Representing Appellant: Toni E. Hartzel and Elizabeth B Lance, Lance & Hall LLP, Cheyenne, Wyoming.

Representing Appellee: Linda J. Steiner and Abigail E Fournier, Steiner, Fournier, Zook & Case, LLC, Cheyenne, Wyoming.

Before FOX, C.J., and KAUTZ, BOOMGAARDEN, GRAY, and FENN, JJ.

GRAY J., delivers the opinion of the Court; BOOMGAARDEN, J., files a dissenting opinion, in which KAUTZ, J., joins.

GRAY, Justice.

[¶1] Following the entry of a Stipulated Final Decree of Divorce (Stipulated Decree), Josh Van Vlack refinanced the marital home. Emma Van Vlack believed the Stipulated Decree entitled her to half of the net equity in the home at the completion of the refinance. Mr. Van Vlack disagreed, claiming she was only entitled to half the net proceeds if the house was sold. Ms. Van Vlack filed a Rule 60 motion seeking to set aside the Stipulated Decree due to inadvertence or mistake. The district court determined the Stipulated Decree unambiguously required Mr. Van Vlack to pay Ms. Van Vlack half the equity in the property from the refinance or sale of the home. The district court granted Ms. Van Vlack's motion and entered its order requiring that any equity recognized through sale or refinance of the home is to be equally divided between Mr. Van Vlack and Ms. Van Vlack. Mr. Van Vlack appealed. We reverse and remand for an evidentiary hearing.

ISSUES

[¶2] Mr. Van Vlack presents one issue:

Did the district court err when it granted Ms. Van Vlack's motion for relief thereby modifying the property awarded to the parties in their Stipulated Final Decree of Divorce?
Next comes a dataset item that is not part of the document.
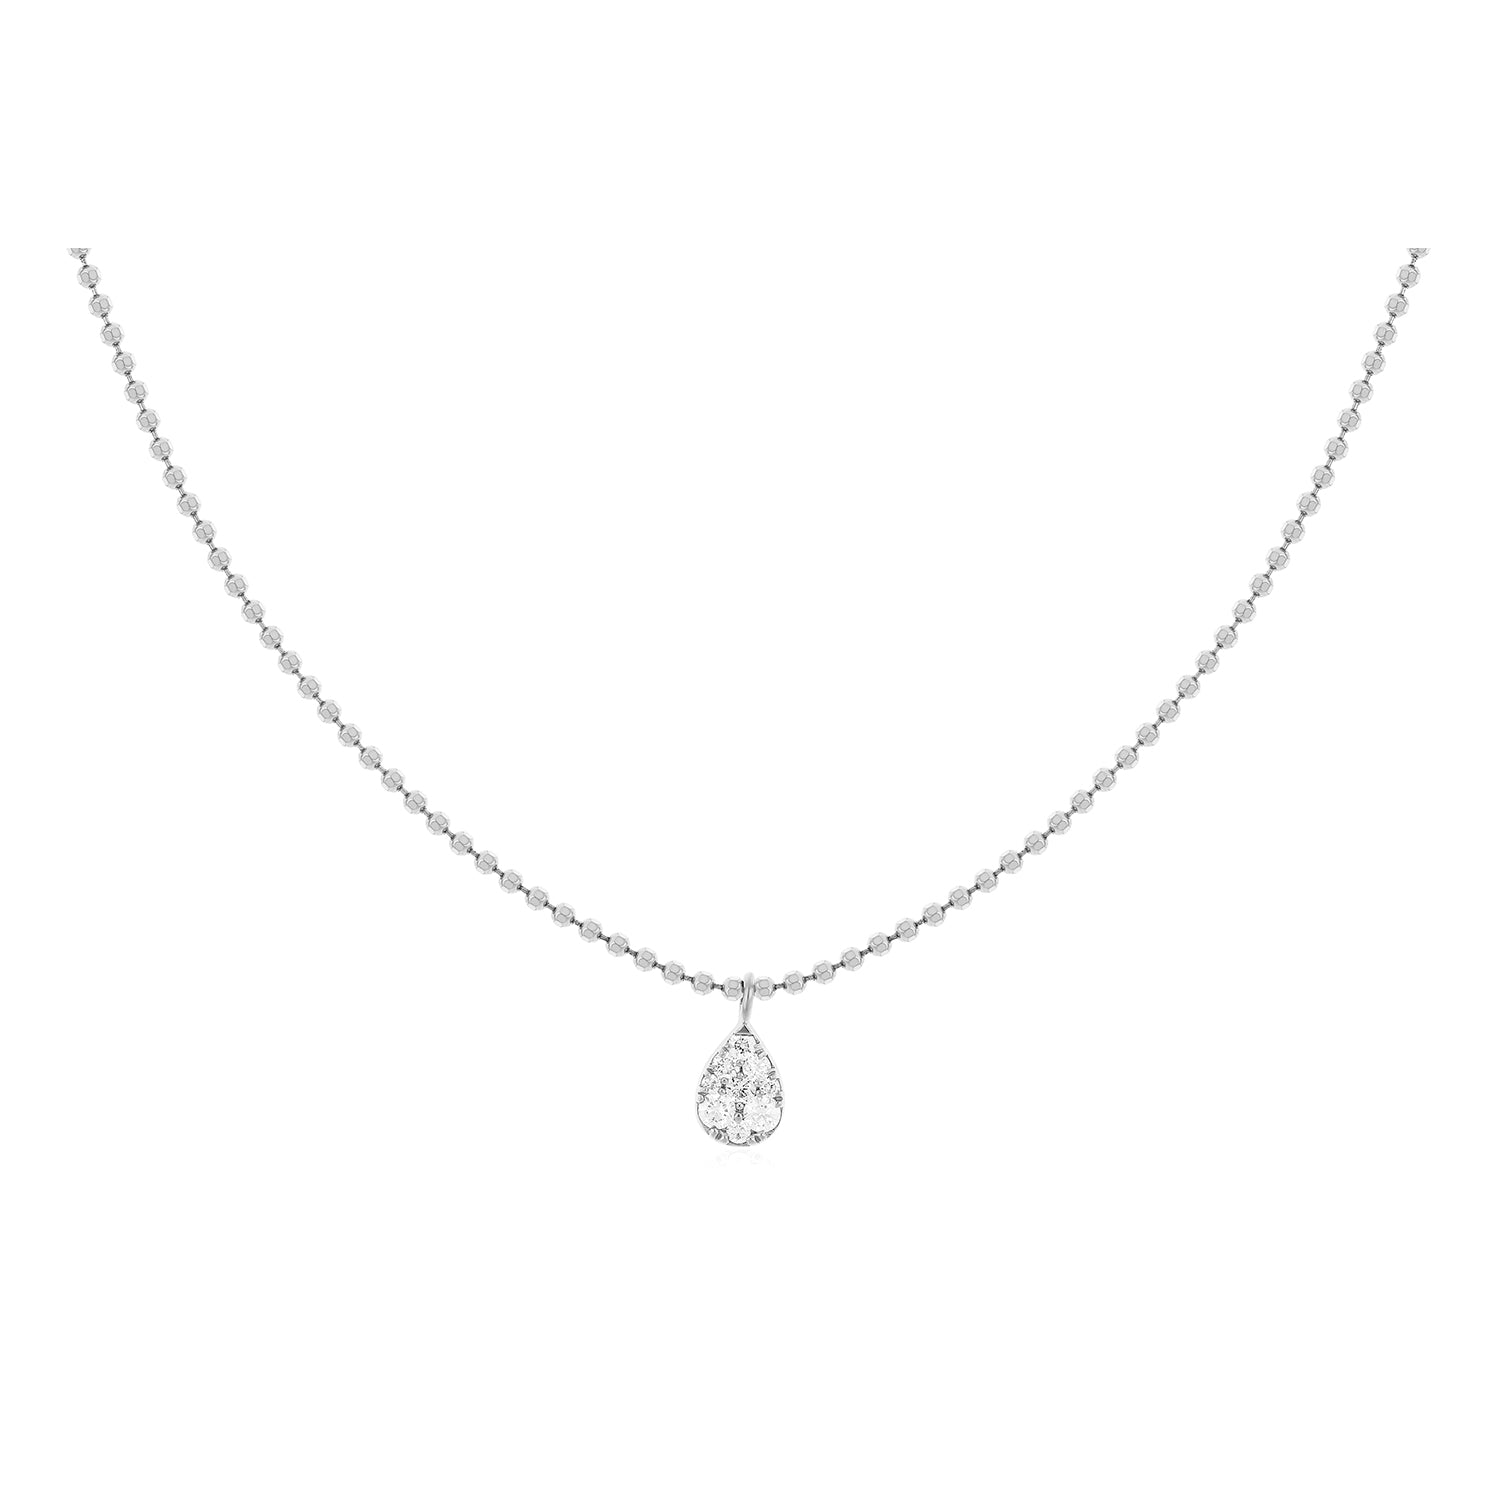 Full Cut Diamond Teardrop Necklace in 14k white gold

We reframe his single issue into two:

1. Did the district court err when it determined the Stipulated Decree was unambiguous allowing a correction under Rule 60(b)(1)?
2. Did the record contain sufficient evidence to clarify the Stipulated Decree under Rule 60(a)?
FACTS

[¶3] Josh and Emma Van Vlack were married on September 15, 2012. They had no children. In December 2021, Mr. Van Vlack filed a pro se complaint for divorce. Ms. Van Vlack accepted service of the complaint and filed her answer and counterclaim for divorce.

[¶4] The next relevant document in the record is a Stipulated Final Decree of Divorce and Order Discharging Counsel.[1] Paragraph 5(b) of the Stipulated Decree contained an express waiver of exchange of financial disclosures under W.R.C.P. 26.[2] The Stipulated Decree states the parties freely entered into the Stipulated Decree and that all terms were "fair and not unconscionable."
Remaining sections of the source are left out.